### Task to carry out
Write out the data word for word and omit every picture.

### Collected data
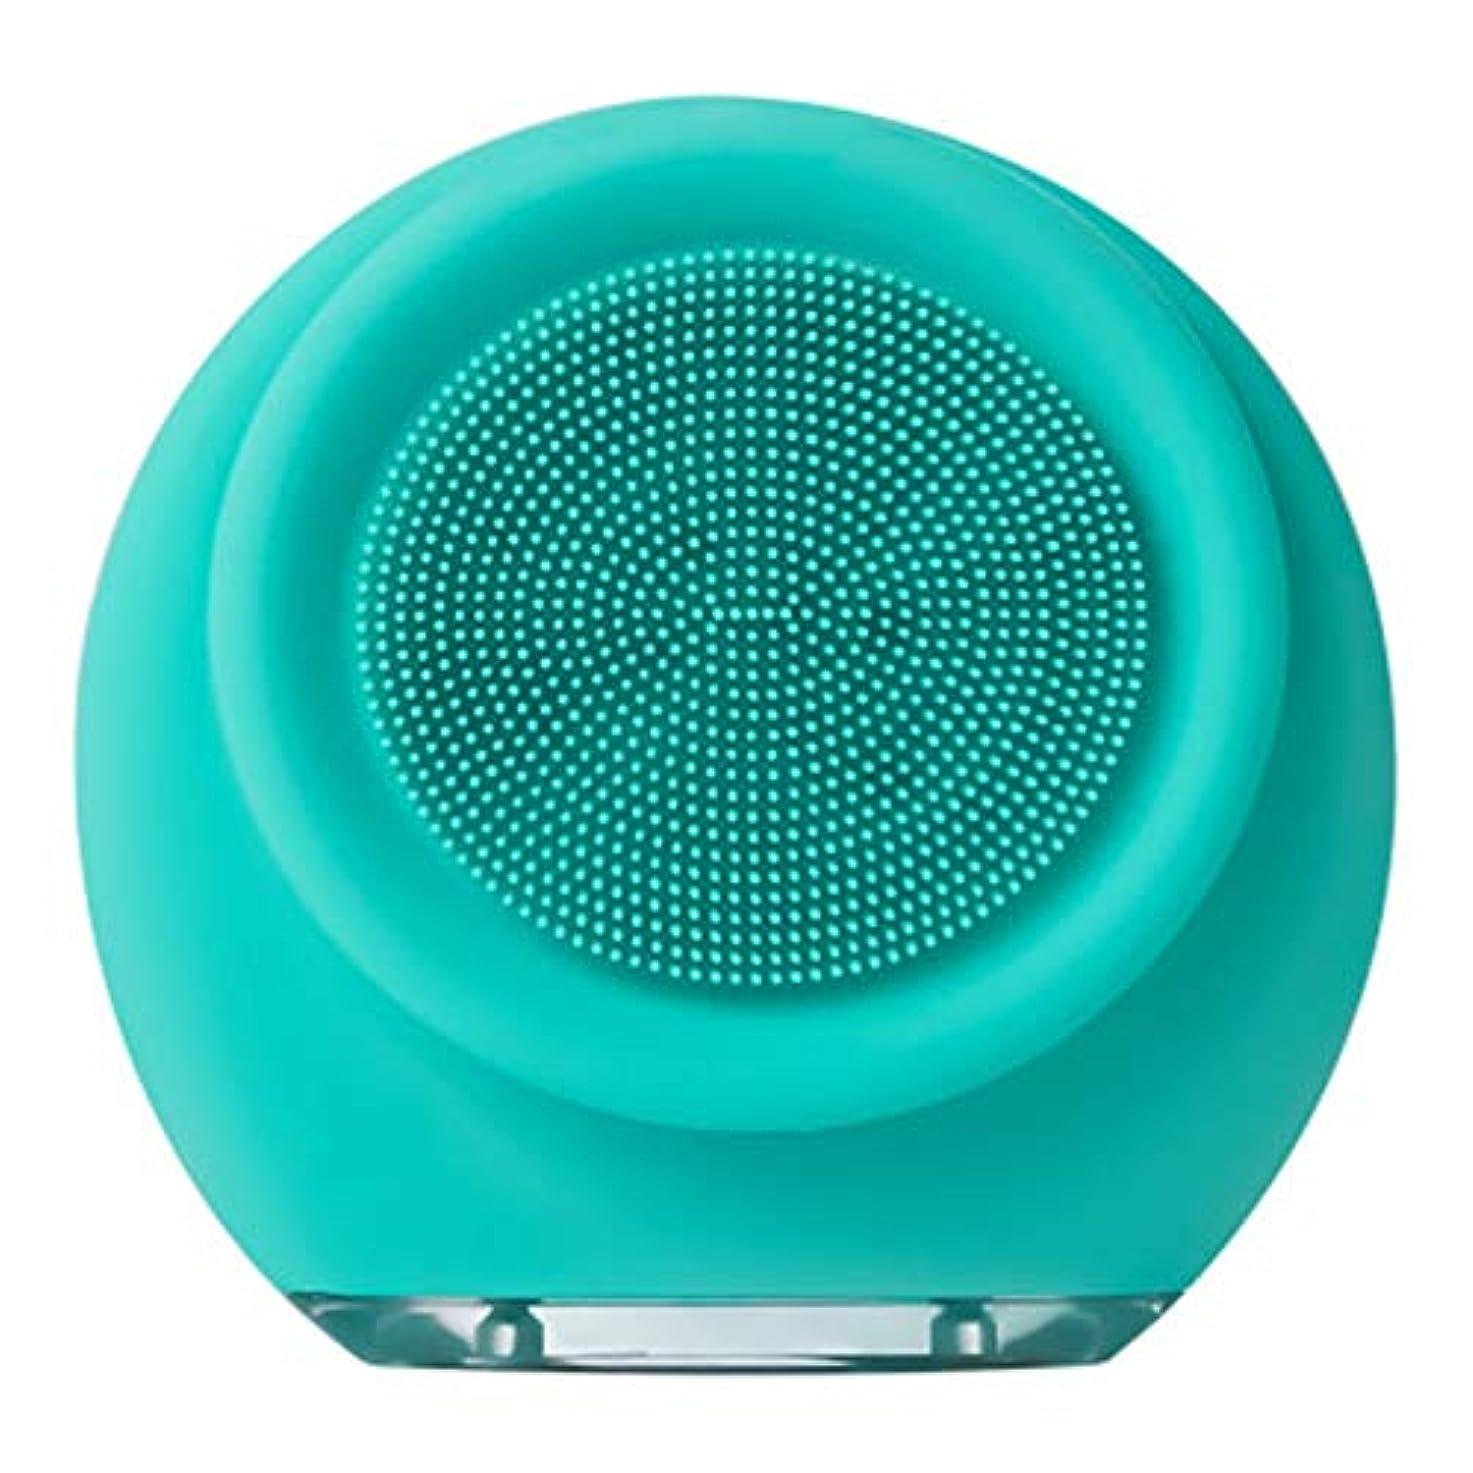 悪化するトランクライブラリドラム充電式シリコーンクレンジング器、電気超音波美容機器フェイス毛穴クリーナーフロントとバックブラシヘッド3ブロックの調整7防水 (Color : A)
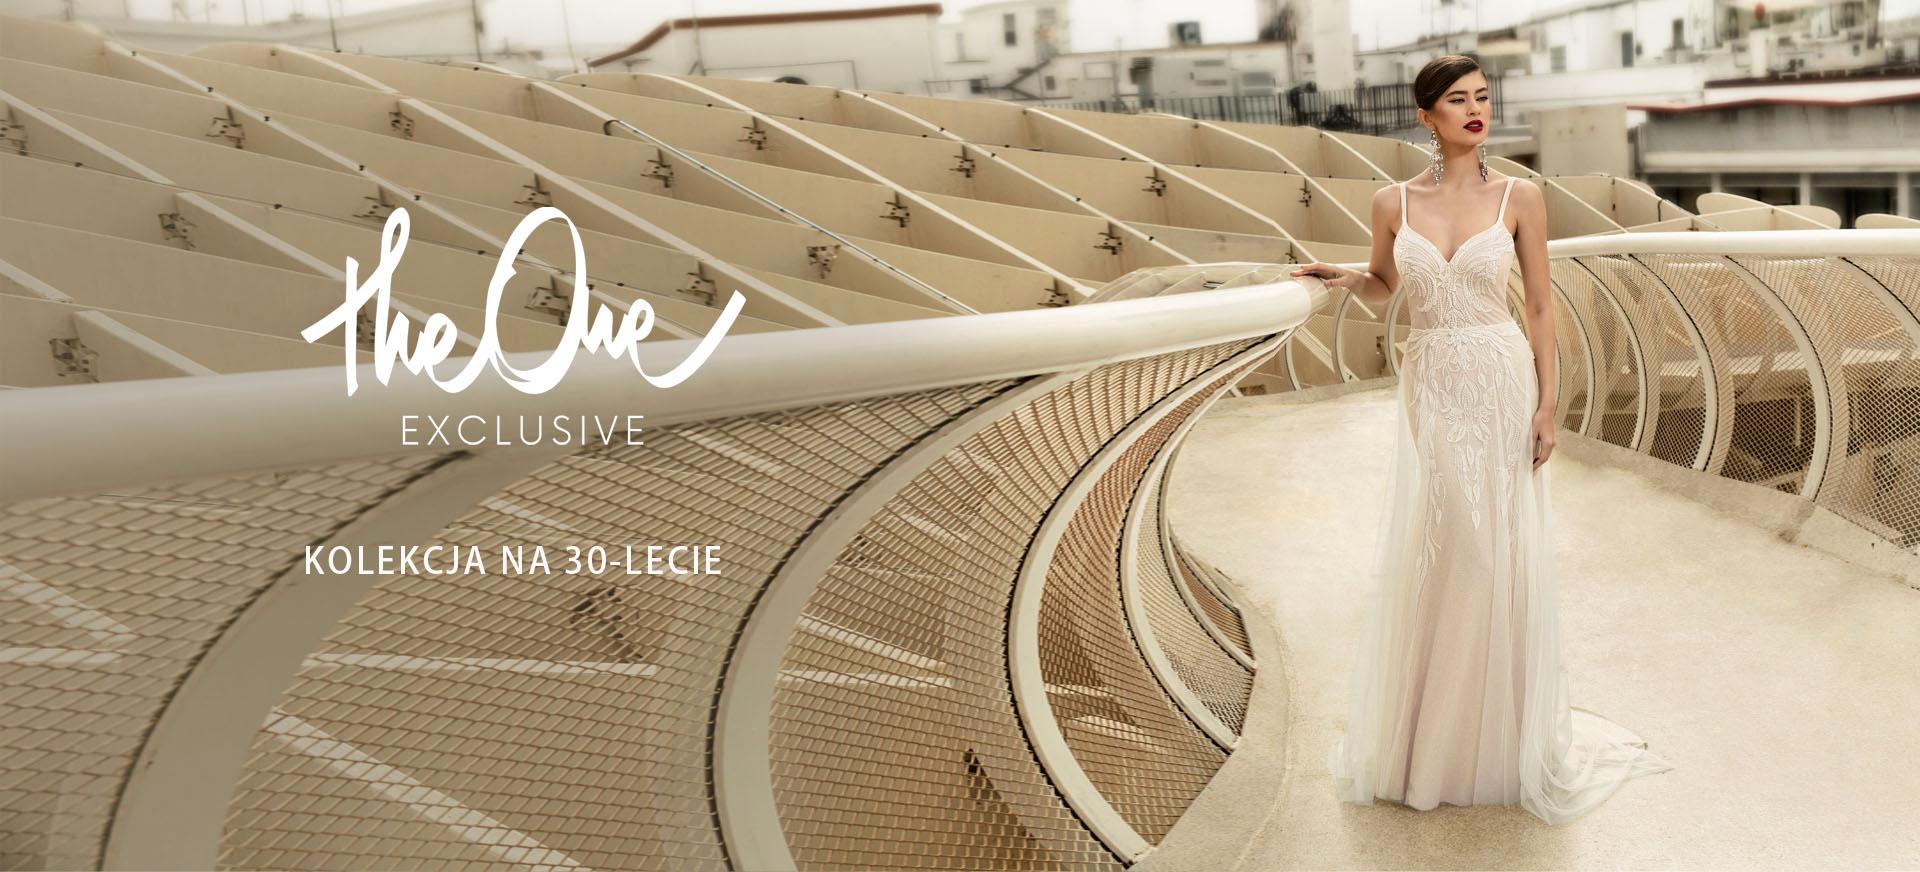 The One Exclusive - Sprawdź
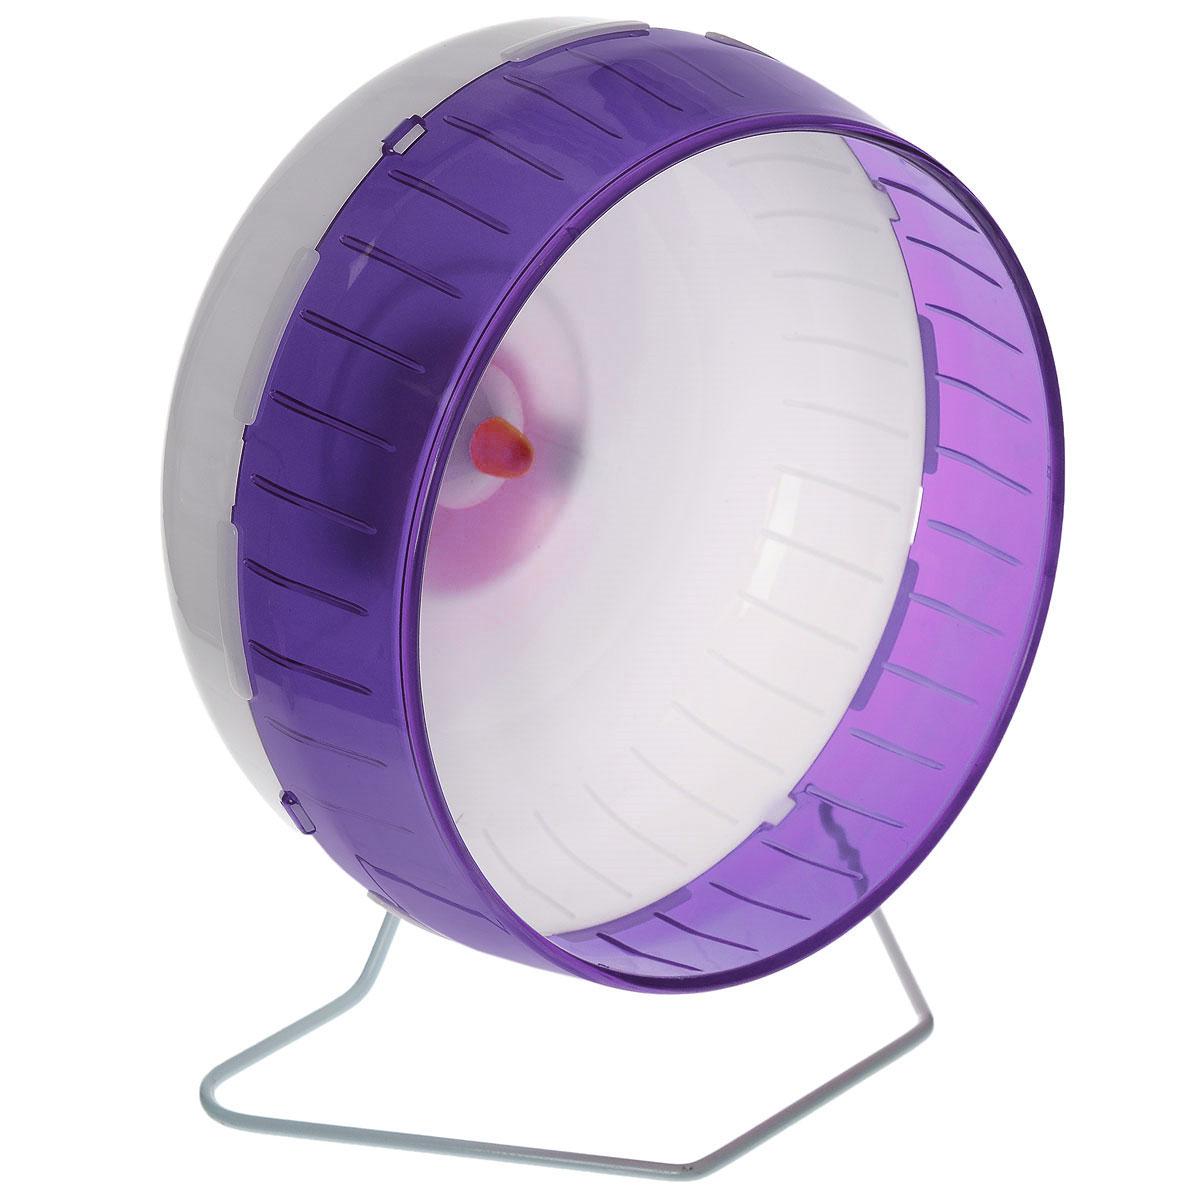 Колесо для грызунов I.P.T.S., цвет: белый, фиолетовый, 29 смV-305Колесо для грызунов I.P.T.S. - удобное и бесшумное, с высоким уровнем безопасности. Поместив его в клетку, вы обеспечите своему питомцу необходимую физическую активность. Сплошная внутренняя поверхность без щелей убережет питомца от возможных травм. Можно установить на подставку или прикрепить к решетке. Колесо можно использовать для дегу, крыс или молодых шиншилл. Диаметр колеса: 29 см.
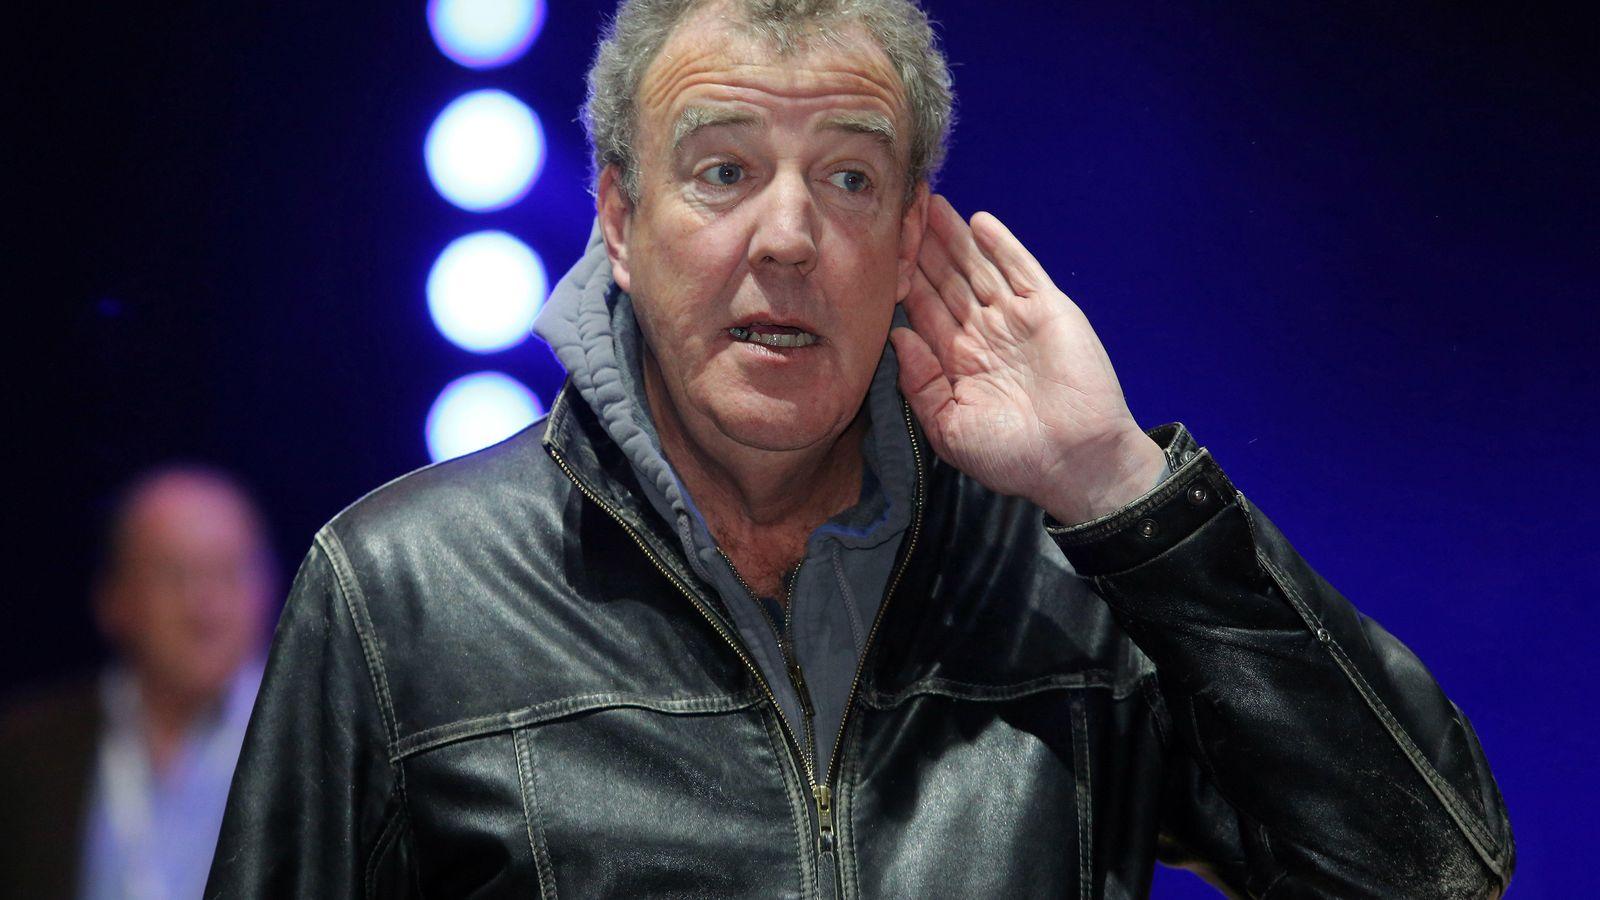 Foto: El presentador británico Jeremy Clarkson (Andrey Pronin/NurPhoto/Corbis)

### Result below
 悪化するトランクライブラリドラム充電式シリコーンクレンジング器、電気超音波美容機器フェイス毛穴クリーナーフロントとバックブラシヘッド3ブロックの調整7防水 (Color : A)
 The One Exclusive - Sprawdź
 Колесо для грызунов I.P.T.S., цвет: белый, фиолетовый, 29 смV-305Колесо для грызунов I.P.T.S. - удобное и бесшумное, с высоким уровнем безопасности. Поместив его в клетку, вы обеспечите своему питомцу необходимую физическую активность. Сплошная внутренняя поверхность без щелей убережет питомца от возможных травм. Можно установить на подставку или прикрепить к решетке. Колесо можно использовать для дегу, крыс или молодых шиншилл. Диаметр колеса: 29 см.
 Foto: El presentador británico Jeremy Clarkson (Andrey Pronin/NurPhoto/Corbis)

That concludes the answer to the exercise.